Keel Plate and Double Bottom -  A detail from the midship section showing Titanic's keel and floor design.  Illustration by Bruce Beveridge based on original H&W Midship Section

  Keel - Titanic’s keel was laid on March 31, 1909, in Slip No. 3 of Harland & Wolff’s Queen’s Island Shipyard at Belfast. Titanic’s keel was of the “flat-plate” design, formed by a single thickness of plating 30/20 inches thick and reducing to 24/20 inches toward the ends. The keel plate was 52 inches wide at its broadest point and was strengthened below by a flat slab bar 19 inches wide by 3 inches thick. The purpose of this flat slab bar, called a “rubbing strip,” was to protect the flat-plate keel from being damaged if the vessel should run aground. It also protected the keel plate during drydocking.

  In riveted hull construction a flat-plate keel resembled an ordinary strake of outside shell plating, the difference being that it was of much greater thickness than the adjacent strakes.
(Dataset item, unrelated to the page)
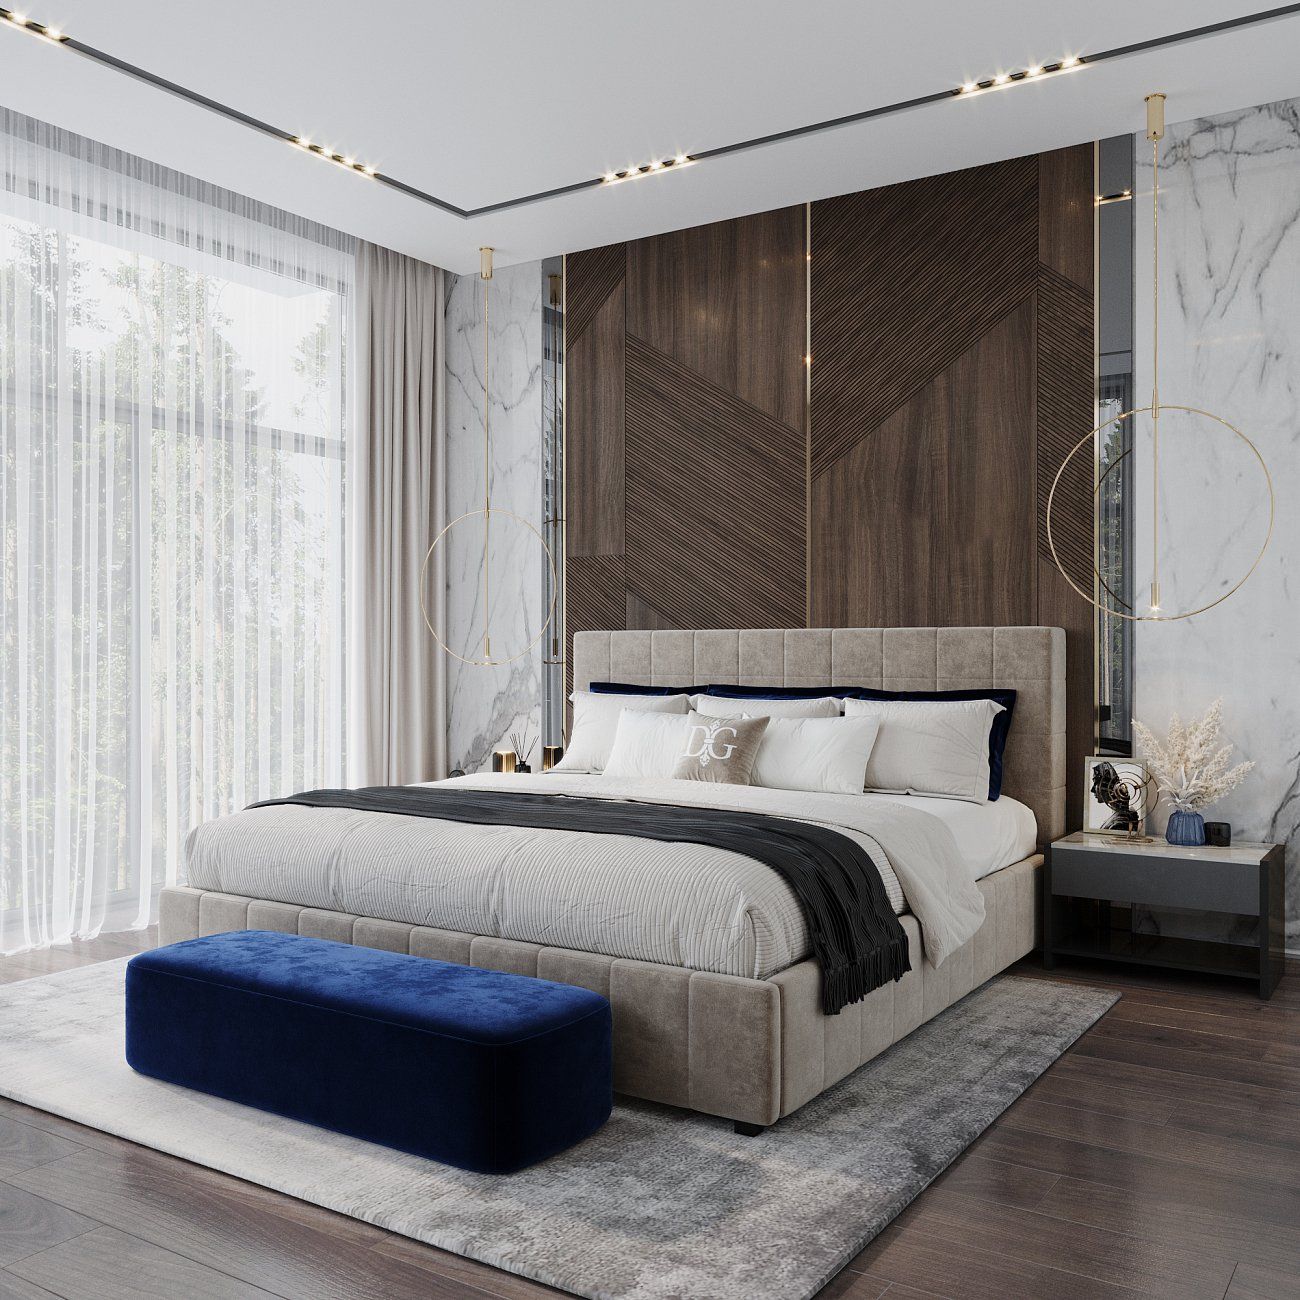 Double bed 160x200 cm blue Shining Modern

This was necessary not only because of the wear and tear to which this plate was often subjected, but also because, in conjunction with the vertical center keel plate, or “vertical keel,” which stood upon it and to which it was attached, it was a considerable factor in the longitudinal strength of the hull
. . .  (continued)


Image above, Keel Plate and Double Bottom - A detail from the midship section showing Titanic’s keel and floor design.
Illustration, Bruce Beveridge based on original H&W Midship Section.


   Titanic’s Cellular double bottom - The term “cellular” was derived from the fact that the double-bottom space was divided into rectangular cells by the floors and longitudinals. These members acted as deep web frames that resisted and distributed the upward push of the water on the ship’s bottom.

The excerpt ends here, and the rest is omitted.